Building Bullet Graphs and Waterfall Charts with Bokeh
Waterfall Chart
I decided to take Bryan’s comments as an opportunity to create a waterfall chart in
Bokeh and see how hard (or easy) it is to do. He recommended that the candlestick chart
would be a good place to start and I did use that as the basis for this solution.
All of the code is in a notebook that is available
Let’s start with the Bokeh and pandas imports and enabling the notebook output:
from bokeh.plotting import figure, show from bokeh.io import output_notebook from bokeh.models import ColumnDataSource, LabelSet from bokeh.models.formatters import NumeralTickFormatter import pandas as pd output_notebook()
For this solution, I’m going to create a pandas dataframe and use Bokeh’s
ColumnDataSource
to make the code a little simpler. This has the added benefit of making this code
easy to convert to take an Excel input instead of the manually created dataframe.

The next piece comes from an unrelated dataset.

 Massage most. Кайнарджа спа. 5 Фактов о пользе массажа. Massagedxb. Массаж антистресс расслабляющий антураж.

Feel free to refer to this cheatsheet if you need some help understanding how to create the dataframe as shown below:
# Create the initial dataframe index = ['sales','returns','credit fees','rebates','late charges','shipping'] data = {'amount': [350000,-30000,-7500,-25000,95000,-7000]} df = pd.DataFrame(data=data,index=index) # Determine the total net value by adding the start and all additional transactions net = df['amount'].sum()
amount | |
---|---|
sales | 350000 |
returns | -30000 |
credit fees | -7500 |
rebates | -25000 |
late charges | 95000 |
shipping | -7000 |
The final waterfall code is going to require us to define several additional attributes for each segment including:
- starting position
- bar color
- label position
- label text
By adding this to a single dataframe, we can use Bokeh’s built in capabilities to simplify the final code.

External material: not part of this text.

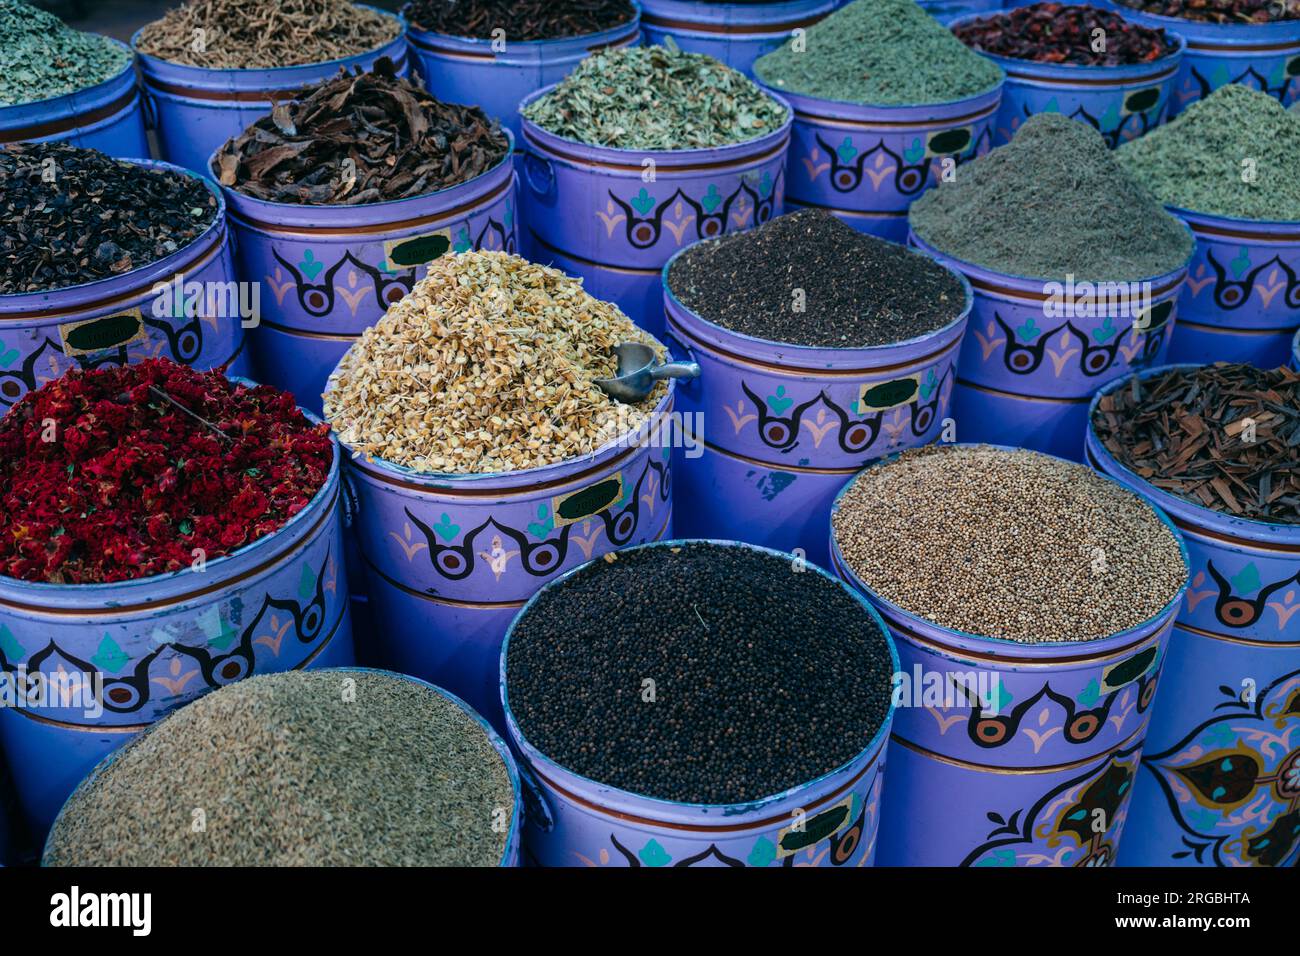 Traditional medina shops bazaar markets in Morocco  Stock Photo

For the next step, we’ll add the running total, segment start location and the position of the label:
df['running_total'] = df['amount'].cumsum() df['y_start'] = df['running_total'] - df['amount'] # Where do we want to place the label? df['label_pos'] = df['running_total']
Next, we add a row at the bottom on the dataframe that contains the net value:
df_net = pd.DataFrame.from_records([(net, net, 0, net)], columns=['amount', 'running_total', 'y_start', 'label_pos'], index=["net"]) df = df.append(df_net)
For this particular waterfall, I would like to have the negative values a different color and have formatted the labels below the chart. Let’s add columns to the dataframe with the values:
df['color'] = 'grey' df.loc[df.amount < 0, 'color'] = 'red' df.loc[df.amount < 0, 'label_pos'] = df.label_pos - 10000 df["bar_label"] = df["amount"].map('{:,.0f}'.format)
Here’s the final dataframe containing all the data we need. It did take some manipulation of the data to get to this state but it is fairly standard pandas code and is easy to debug if something goes awry.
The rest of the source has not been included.